April 25, 2004

Mike Lupica, Pat Tillman & the Power of an Image

I like to watch the Sports Reporters on ESPN on Sunday Mornings. Outside of the sublime, PTI, it's the best show on the network. It has one fatal flaw, the sneering, shrill Mike Lupica.

Naturally, this morning the sports pundits discussed the tragic death of Pat Tillman. Lupica, however, decided he wanted to use Tillman's death to attack some Bush policies. Specifically, Lupica's all in a twitter because of the Pentagon's restrictions on showing caskets. According to Lupica, Bush shouldn't be allowed to "use" Tillman's death, and the patriotic reasons that caused him to join the Rangers in the first place because the administration wants to put restrictions on photographs of war deaths.

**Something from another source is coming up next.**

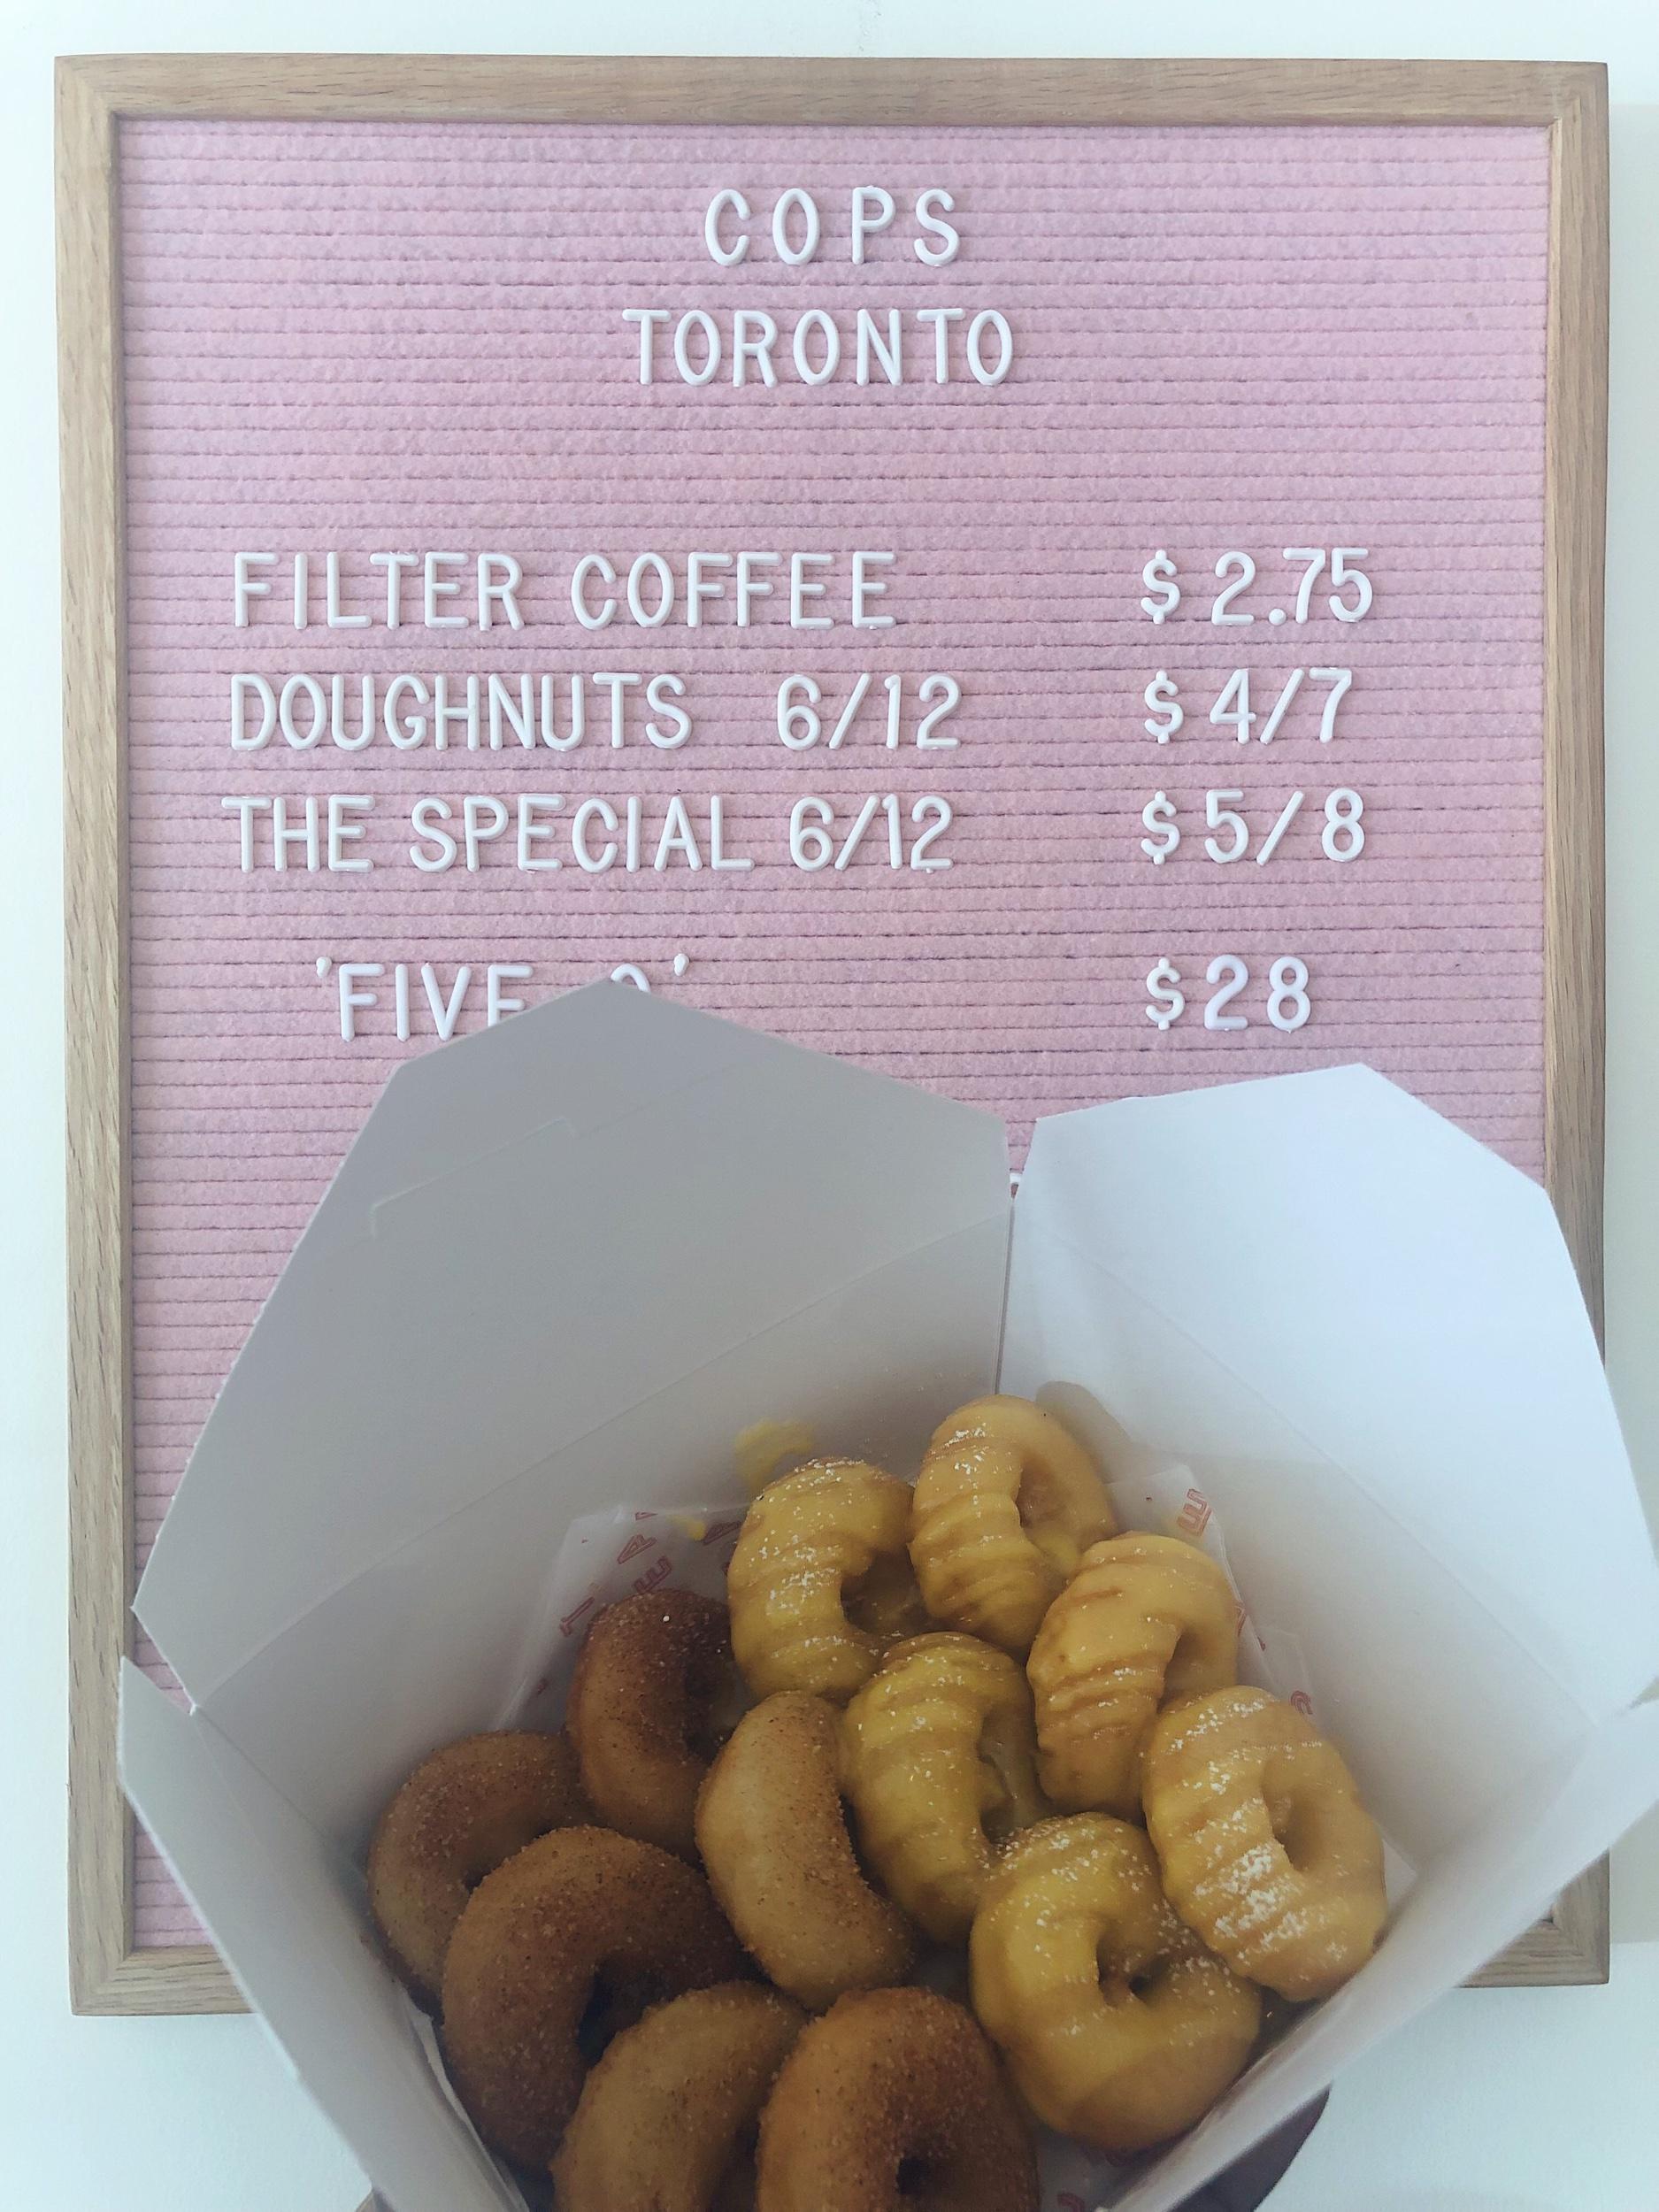 Cinnamon & Mango Lassi donuts from Cops

Of course, Bush's official Blog quotes the Arizona Republic article on Tillman. However, I hardly think that qualifies as using Tillman's death in some unseemly manner. The fact is that Tillman did believe that we need to fight in Afghanistan & Iraq. If some liberals didn't agree with him, then that's too bad. Every good man isn't going to comply with your views.

Of course, war deaths happen too. That's a fact. And, I think the Pentagon policies are silly. I understand the desire to protect families, but no government should be in the business of hiding these kind of ugly truths from their people. In fact, due to the Freedom of Information Act, they are readily available online anyway.

How come the news media only apply this standard when it suits a leftist cause (inciting public opinion against the war)? When President Bush used brief images from 9/11, the liberal media cried foul. In fact, the elite media themselves have refrained from showing images of 9/11 on that day as well as after because they didn't want to incite that murderous rage and anger that we all felt that day.

The media understand the incredible power of some images. Does anything demonstrate big media bias better than the fact that they are so eager to show American caskets, yet so hesitant to show the images that explain why these men and women fought and died?

Posted by kris at April 25, 2004 10:08 AM | TrackBack
Comments

"all in a twitter." haha.

Posted by: jkhat at April 25, 2004 11:45 AM

Interesting dichotomy on the whole "war" issue and the lefties - they cry foul whenever the president even remotely refers to the war, but the war is all they talk about in this campaign. Well, that and taxes, but their message on taxes is only that they should be higher, and, well, I just don't understand that strategy.

Posted by: jkhat at April 25, 2004 11:49 AM

Excerpts from three of Lupica's recent "sports" columns in the NY Daily News:


April 17, 2004:

The President of the United States made questions about having made mistakes in his life sound tougher the other night than standing in there against a Randy Johnson fastball.

May 2, 2004:

If I'm following all the talk from Cable America this week, President Bush didn't ask Donald Rumsfeld if Rummy thought we should go to war against Iraq.

And he didn't ask Colin Powell.

You know who he asked?

War Lover Cheney.

Who only used five deferments, which has to be some kind of record, to keep himself out of Vietnam.

May 9, 2004

People keep asking if Bush would throw Rummy over the side, and the answer is simple:

Bush would replace Donald Rumsfeld with Bobby Valentine, his old Rangers manager, if he thought it would help him keep his job.

By the way, you have to say that the administration's outrage about prisoner torture over there certainly escalated the minute the pictures got out.